Из кармана куртки он достал недопитую бутылку водки.
– Стащил, пока брат убирал.
И они подняли бокалы. ИБем обнял Виля, как брата.
– Ну, что будешь делать?
– Писать…
– Сытая жизнь делает все пресным, округлым и чересчур нормальным, – сказал Бем. – А чтобы писать – надо быть ненормальным! И читатель должен быть тоже немного того… Поэтому тут нет ни читателей, ни писателей. Тут забыли, что это такое. Когда представляешься – «писатель» – люди бросаются к Толковому словарю. И уже не в каждом есть это слово. Поэтому я представляюсь – «Брат страуса с яйцами»… Что ты умеешь, что ты можешь?
– Умею только писать. Знаю только русский язык.
– Как раз для восемнадцатого места в нашей семье, – заметил Бем, – сразу же после меня…
* * *
Граната Глечика посадили за пенку.
В те далекие времена в России все любили пенку – говорят, в революцию любят пенку – и Глечик сожрал пенку самого товарища Гулыги – яркого революционера местного масштаба – и сел по статье «Хищение социалистической собственности в особо крупных размерах» – пенка, видимо, была немалой.
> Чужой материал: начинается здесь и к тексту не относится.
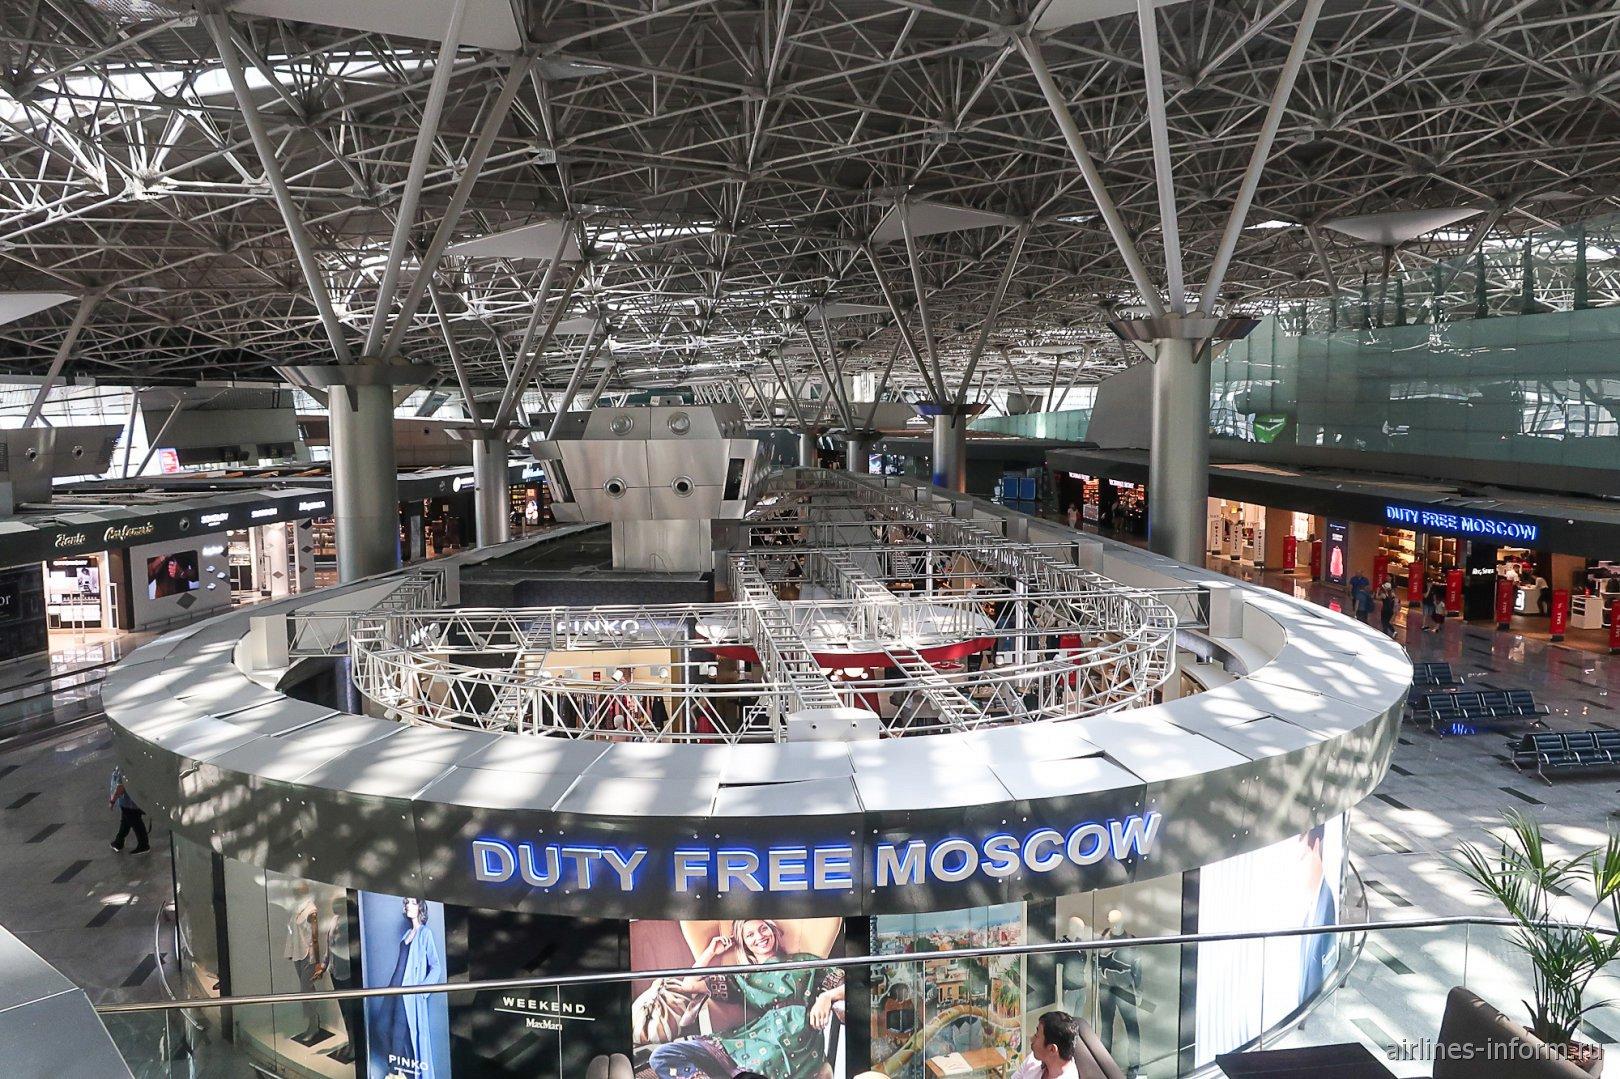 Магазины Duty Free в терминале А аэропорта Внуково

После пяти лет небольшого архангельского лагеря он перестал доводить молоко до кипения. А если пеночка случайно получалась – оставлял товарищу:
– Пеночки не хотите?..
Глечик появлялся в гостиной всегда в сопровождении почетного эскорта. Это были две тонкие блондинки, общий возраст которых не превышал возраста Глечика в тот год, когда он съел пенку.
– Оленя ранило стрелой! – доносилось уже из дверей.
– Аидише Шикер, – констатировал Харт и все второпях допивали водку.
У Харта была своя теория экстремальных иудейских вариантов: Если еврей дурак – это уже Иванушка, если мудрец – Соломон, если шикер – то Глечик.
Он пил всюду – в жизни, на сцене, под…
Проверить было трудно, но утверждали, что Глечик пил с бармицвы, и съел пенку ввиду отсутствия закуски.
Глечик научно объснял это:
– Вы не представляете, что будет, если я просохну, – угрожал он, вынимая рюмку из рук Харта, – я умру!
За его жизнь никто не волновался – он был заспиртован.
– В этой стране, – сообщал он, – я могу жить только керным, – он вырывал рюмку из рук Качинского, – только под шафе.
Качинский не выпускал.
– Или вы хотите, чтоб я сказал все, что думаю?! – угрожал он.
Качинский не хотел и выпускал бокал с живой водой.
Ни один из завсегдатаев Мавританской не хотел, чтобы он сказал, что думает – гостиную бы сразу закрыли.
Много лет назад, в жаркое лето, когда Глечик однажды просох, он сказал все, что думает…
Его увидели лет десять спустя, сгорбившимся, худым, на пороге Мавританской:
– Оленя ранило стрелой, – печально произнес он.
За десять лет олень постарел лет на двадцать.
– Вот к чему приводит трезвость, – сказал он.
Потом, с годами, к нему вновь вернулась молодость, веселье и постоянная радость бытия.
Ему откровенно завидовали – ни у кого из завсегдатаев не было такого длинноногого эскорта. Его всегда сопровождали красавицы. Их светлые волосы бросали на Глечика таинственный свет.
У стола Глечик целовался с эскортом и отпускал его, долго провожая взглядом.
– Три часа занимались актерским мастерством, – пояснял Глечик, выливая себе все, что осталось в графине, – талантливая молодежь!..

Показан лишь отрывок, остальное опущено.